Integrate (sin^2(t)+1)/(cos^4(t))dt
To integrate the given expression, we can use a substitution method. Let's use the substitution u = cos(t).
To find du, we need to differentiate u with respect to t.

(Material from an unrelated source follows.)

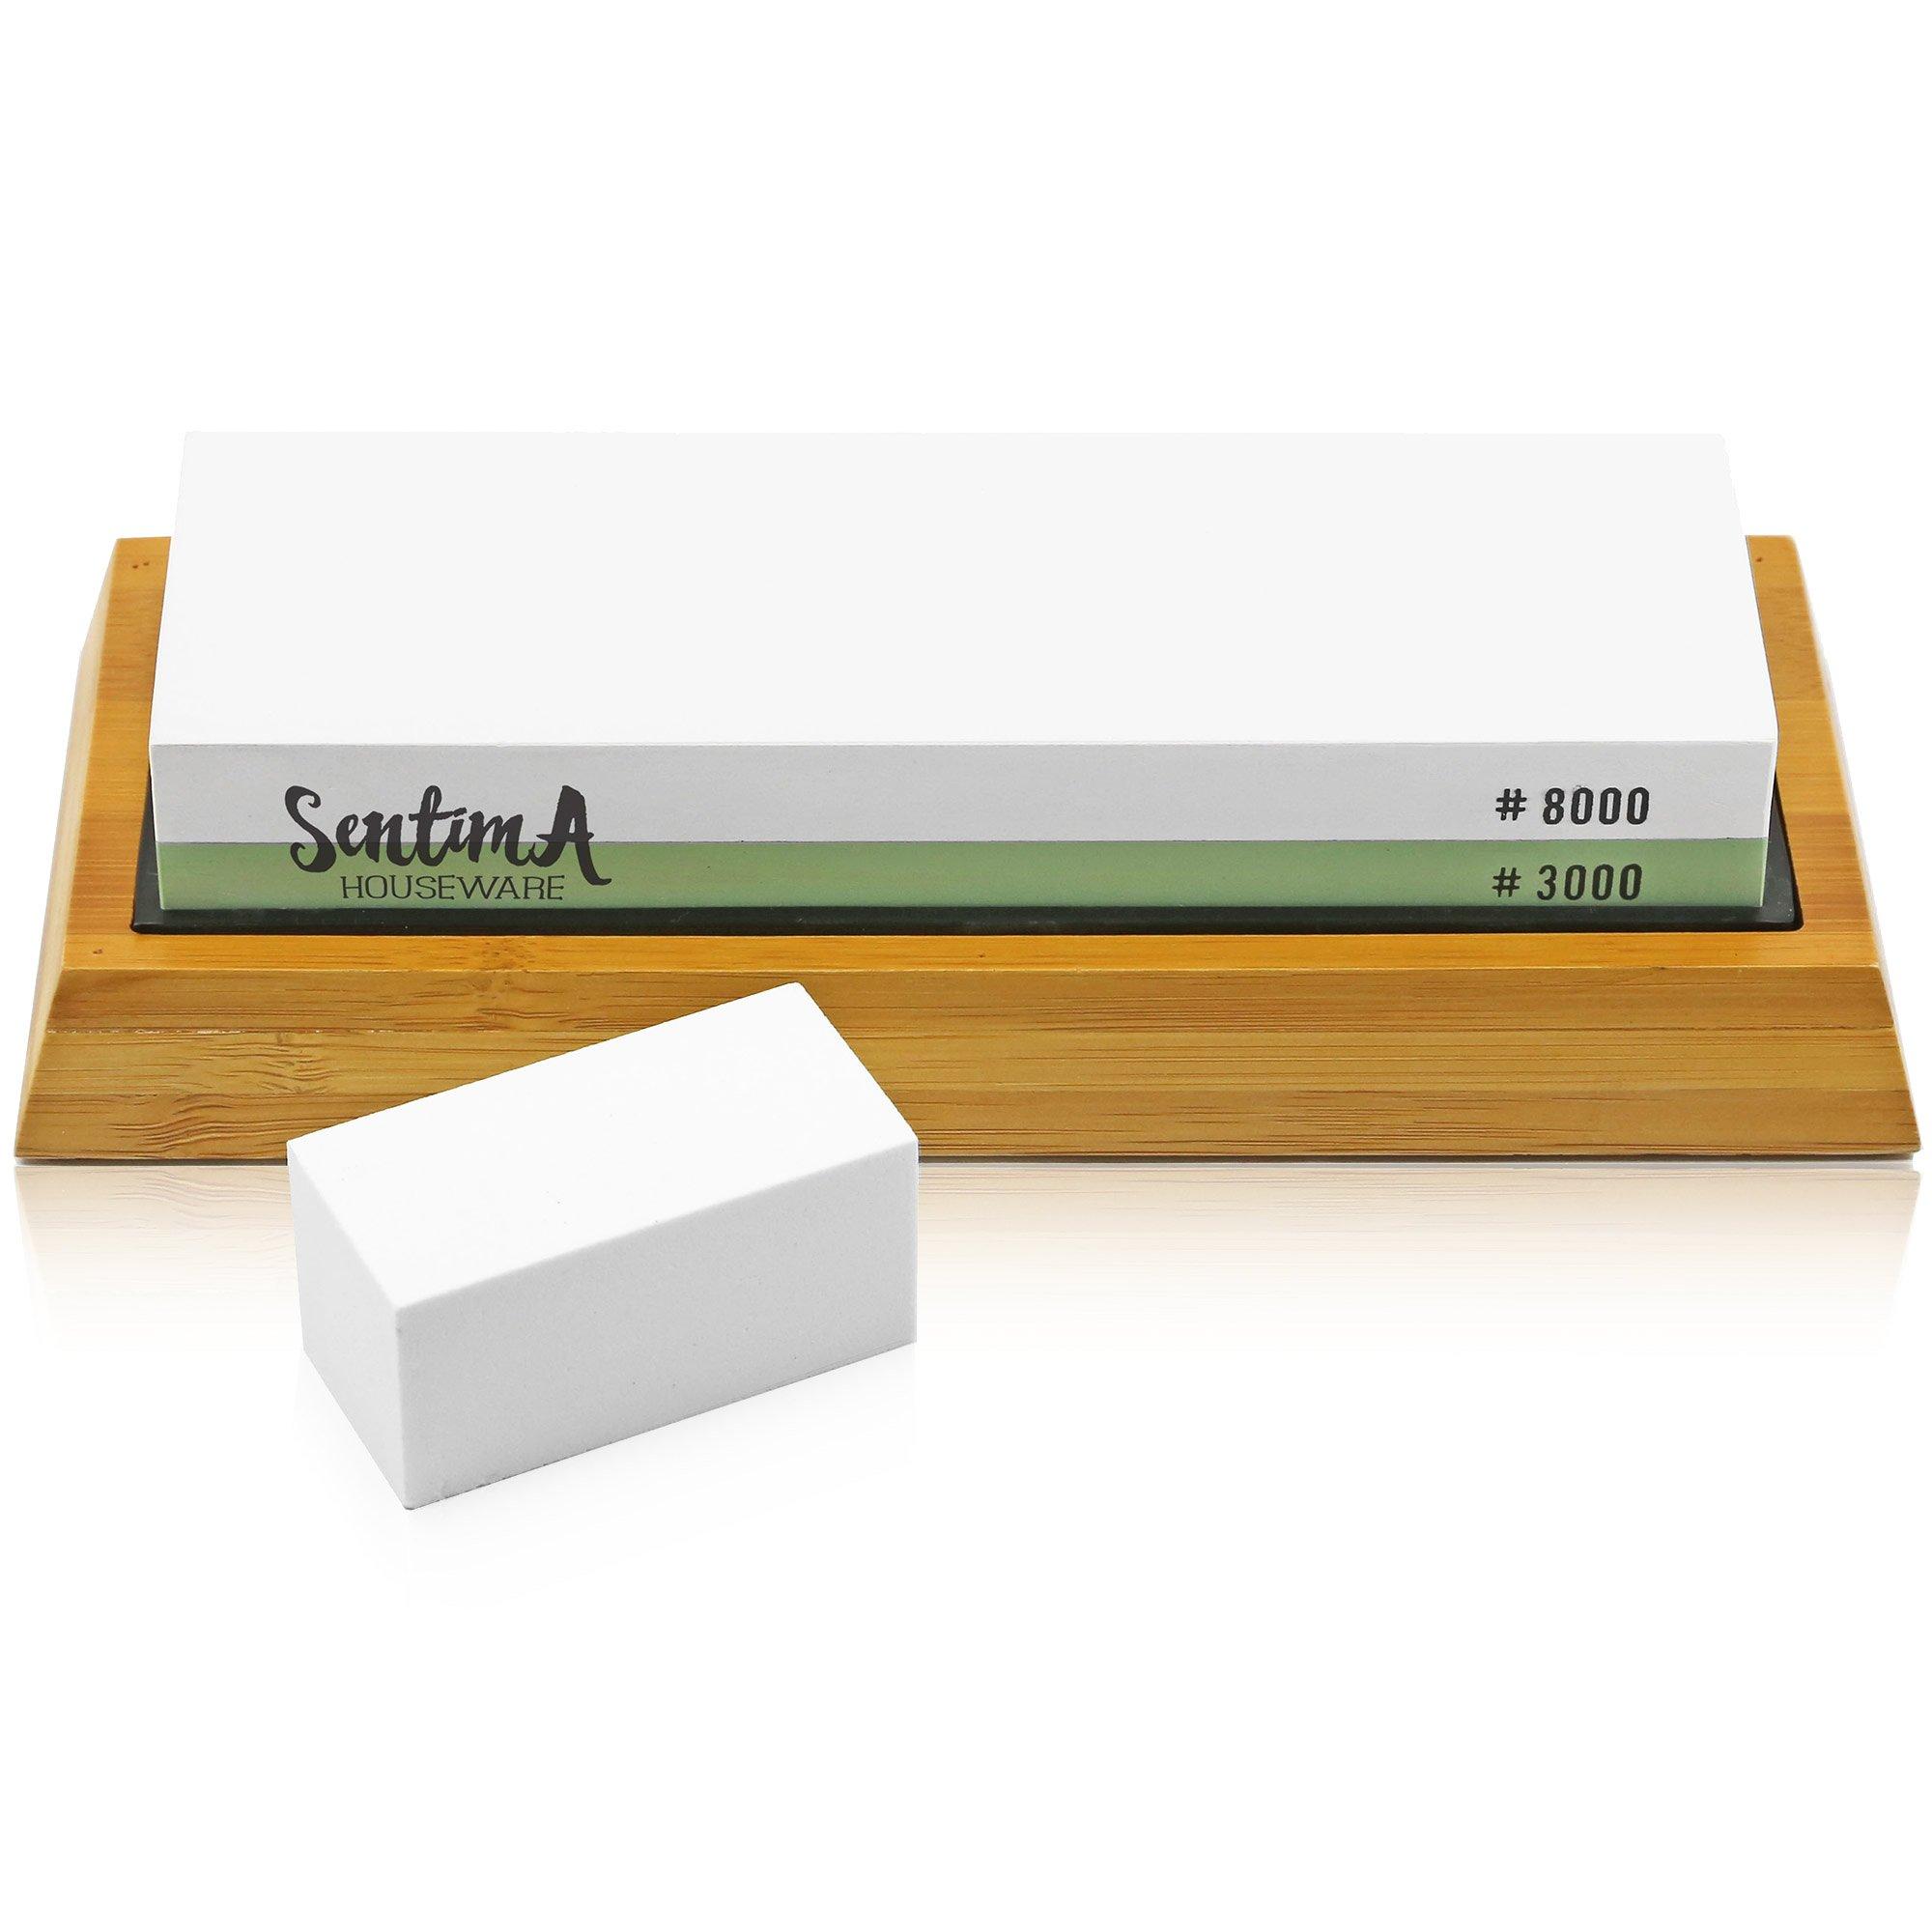 Premium Whetstone Knife Sharpener - 3000/8000 Grit Two Sided Wet Sharpening Stone - Bamboo Base & Flattening Stone

Since u = cos(t), we can differentiate both sides of the equation with respect to t:
du/dt = d/dt (cos(t))
du/dt = -sin(t)
Now, let's solve for dt in terms of du:
dt = du / (-sin(t))
Substituting u = cos(t) and dt = du / (-sin(t)) into the integral expression, we get:
∫ [(sin^2(t) + 1) / (cos^4(t))] dt
= ∫ [(sin^2(t) + 1) / (cos^4(t))] (-sin(t)) du
Now, we simplify the integrand:
= ∫ [(-sin(t) / cos^4(t)) + (1 / cos^4(t))] sin(t) du
= ∫ [(-sin(t) / cos^4(t))sin(t) + (1 / cos^4(t))sin(t)] du
= ∫ [-sin^2(t) / cos^4(t) + sin(t) / cos^4(t)] du
Using the substitution u = cos(t):
= ∫ [-1/u^4 + du/u^3]
= ∫ [-1/u^4] du + ∫ [du/u^3]
= (1/3u^3) - (1/u) + C
Finally, substitute back u = cos(t):
= (1/3cos^3(t)) - (1/cos(t)) + C
Therefore, the integral of (sin^2(t)+1)/(cos^4(t)) dt is equal to (1/3cos^3(t)) - (1/cos(t)) + C.